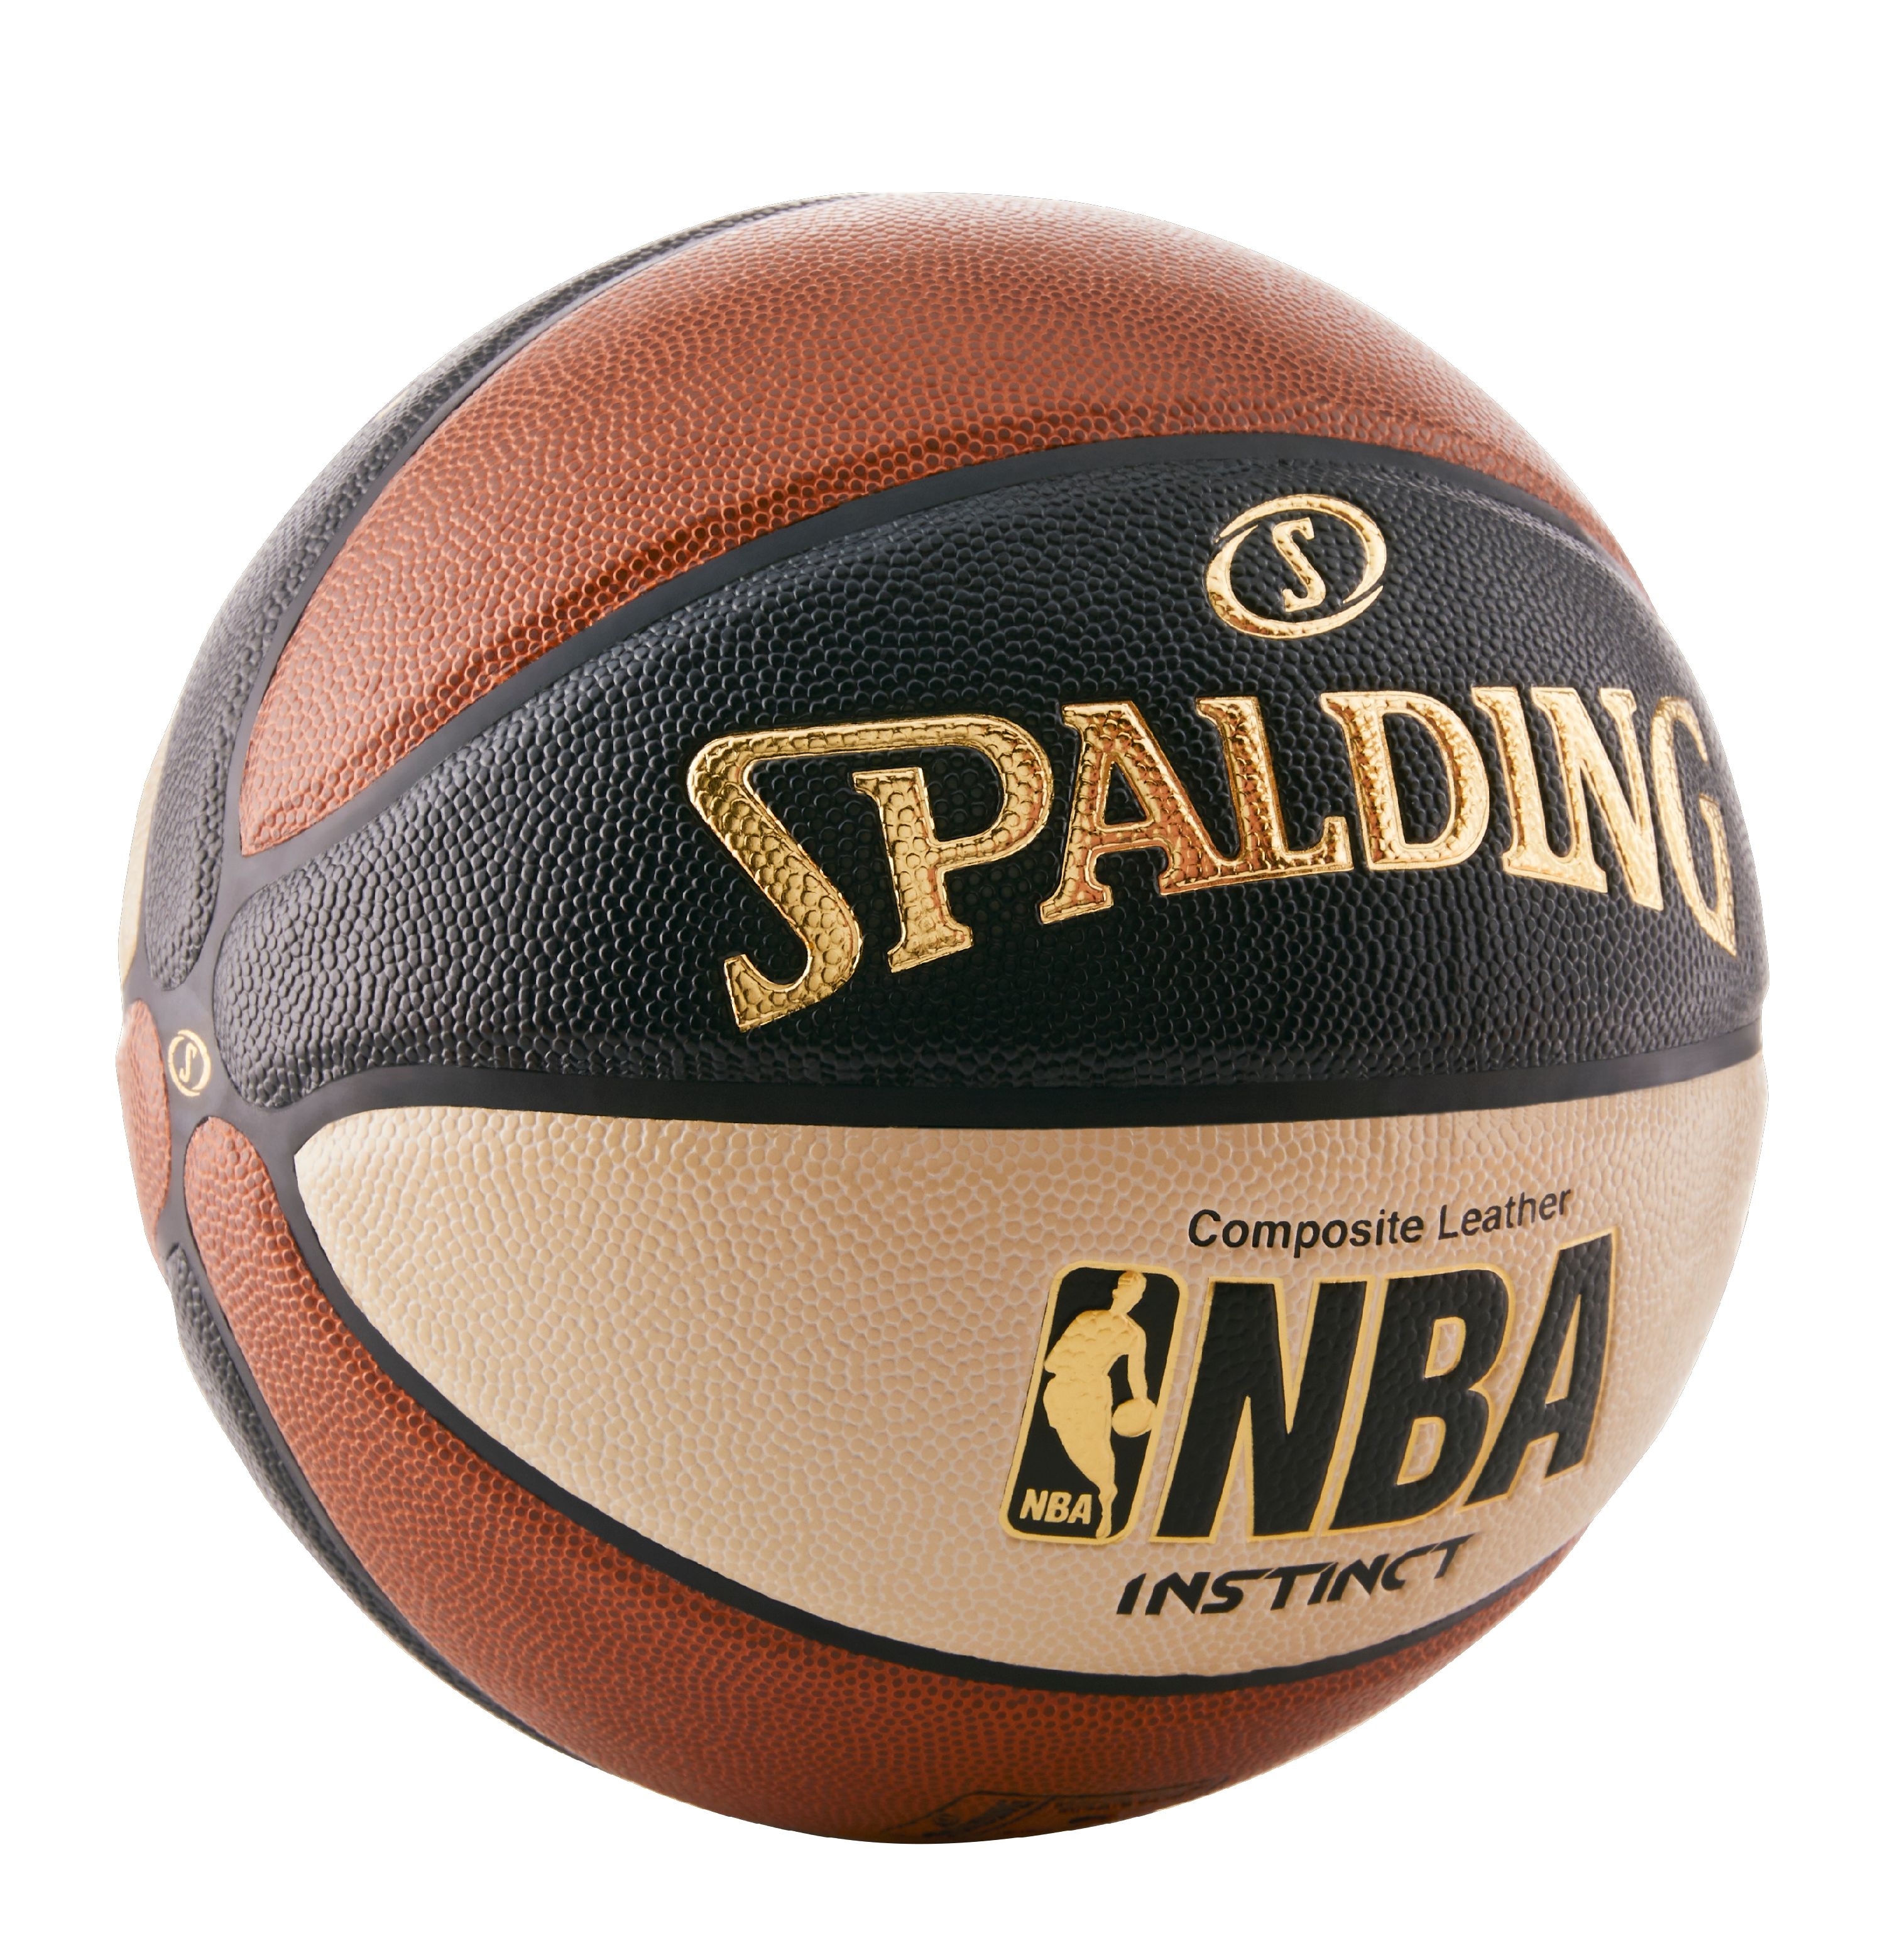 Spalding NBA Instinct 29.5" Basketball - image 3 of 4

━━━━━━━━━━━━━━━━━━━━

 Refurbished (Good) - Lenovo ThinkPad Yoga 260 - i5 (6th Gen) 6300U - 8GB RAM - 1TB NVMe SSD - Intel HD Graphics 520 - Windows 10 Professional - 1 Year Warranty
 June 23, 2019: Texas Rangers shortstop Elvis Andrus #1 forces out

━━━━━━━━━━━━━━━━━━━━

**Task description**
From the line holding "Refurbished (Good) - Lenovo" to the line holding "June 23, 2019: Texas", inclusive, restate each line above exactly as written.

**Exercise result**
 Refurbished (Good) - Lenovo ThinkPad Yoga 260 - i5 (6th Gen) 6300U - 8GB RAM - 1TB NVMe SSD - Intel HD Graphics 520 - Windows 10 Professional - 1 Year Warranty
 June 23, 2019: Texas Rangers shortstop Elvis Andrus #1 forces out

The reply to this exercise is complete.